Advent is nearly ended and the celebrations of Christmas are just around the corner. This month of December can be like a helter-skelter, landing us in a exhausted, yet hopefully happy heap on the eve of Christmas. Our ideal is that it’s filled with delicious smelling foods, much loved traditions, twinkly lights, and sparkly-eyed children. However, it can also be somewhat fraught with to-do lists, over tired people, busyness and bustle … or is that just us?!
However, Advent is not merely a preparation for Christmas. It is a distinct season in itself, a little like Lent is to Easter. It encompasses the tension between the brokenness of our world now and the glorious hope we have in Jesus. It allows us to grieve deeply for the pain around us, while knowing that there is redemption in Jesus. It is a time to engage with a God who did not stay far removed from His creation, but came down as a helpless, vulnerable baby to share in all the everyday joys and challenges of life; the incarnation.

During Advent we can hold the ideals of what we’d like our families to look like, alongside the reality of our everyday day lives. It is a season which invites us to both weep deeply and rejoice wildly.

Each year I have the intention of celebrating Advent well; allowing time and space to read and contemplate. Each year I am interrupted in this by a constant stream of requests and demands on my time. I’m quite sure I’m not alone in this. And yet, is this not what Christmas is all about? God among us. His life laid down for us? Our lives laid down for others? Might I be overlooking the very mission God has entrusted to me, if I try to bypass the mundane for more visibly valued tasks?
This Advent, once again, has flown by. There are many things we’ve not done which I’d hoped we would, many tears cried as we try to navigate girl teen years and keep a little one, scarred by trauma, calm when secure daily rhythms are not in place. I seem to have spent more time in the car than normal, but am delighted that this is due to the flourishing extra curricular activities of our children. There has been the continual grappling of how to live in the world we increasingly find ourselves in; to “live not by lies” (Rod Dreher, 2020). But there has been laughter too, numerous deep discussions around the dinner table, the wonder of glorious sunsets and the peace of candle light and hot tea first thing in the morning. We’ve had some fabulous outings, enjoyed meeting up with friends, thrown ourselves into Christmas crafting and cooking and taken time out to sit and read aloud together. It has been a season which has invited me to acknowledge my fears to the God who created me, to weep deeply and to celebrate with joy and laughter.

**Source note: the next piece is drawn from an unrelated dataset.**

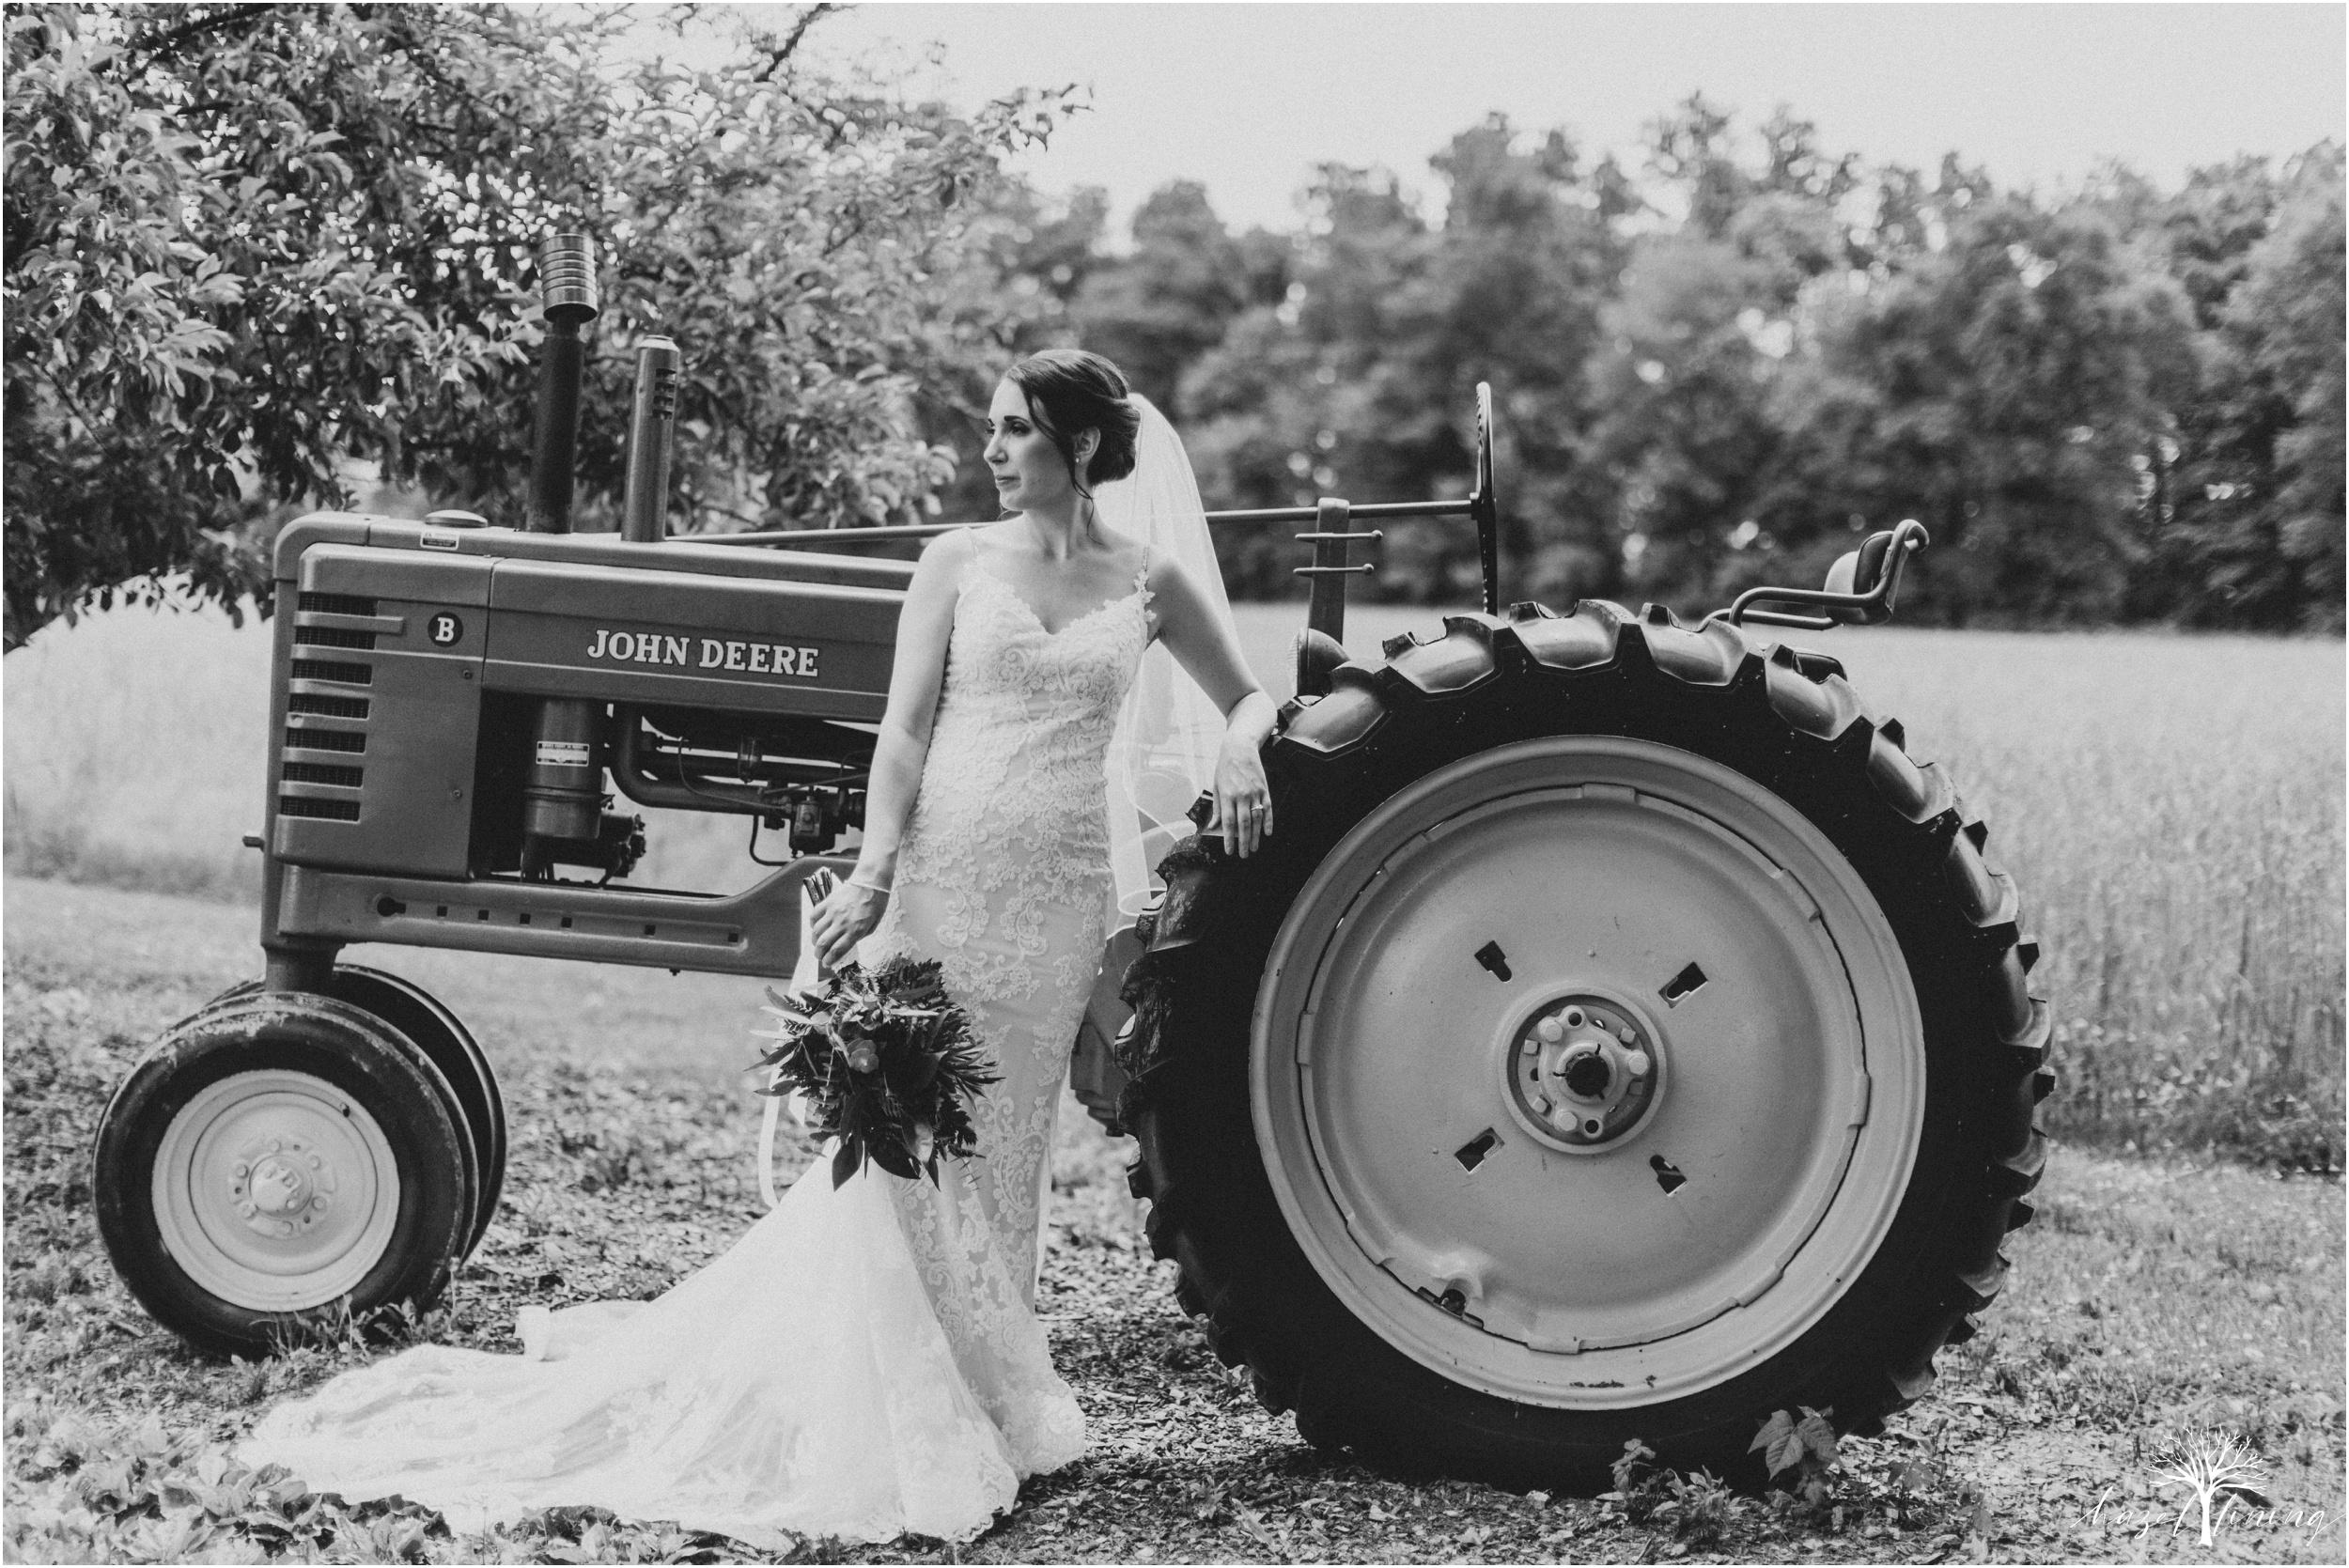 hazel-lining-travel-wedding-elopement-photography-lisa-landon-shoemaker-the-farm-bakery-and-events-bucks-county-quakertown-pennsylvania-summer-country-outdoor-farm-wedding_0016.jpg

Now, in this week before Christmas, we are hibernating for a few days away from home in a friend’s house by the sea. I can’t quite believe we are here, having left all the usual pre Christmas whirlwind firmly behind. It is quiet. I’m reading to myself, to the girls and to the whole family. We’re walking and eating meals I’d shopped for and prepared beforehand. I can take great gulps of sea air. It is a place of memories and a reminder of God’s faithfulness and a multitude of answered prayers. The future for all of us may be ever more uncertain, but Jesus, our Rock and Redeemer is the same yesterday, today and forever.

As we draw to the close of the year, thank you all for taking time to read these reflections of family, faith and seasons of life. For those of you who home educate, do check out Mended Teacups home ed podcast which I trust will encourage you. May you all have a very merry Christmas, filled with joy, peace, hope and love.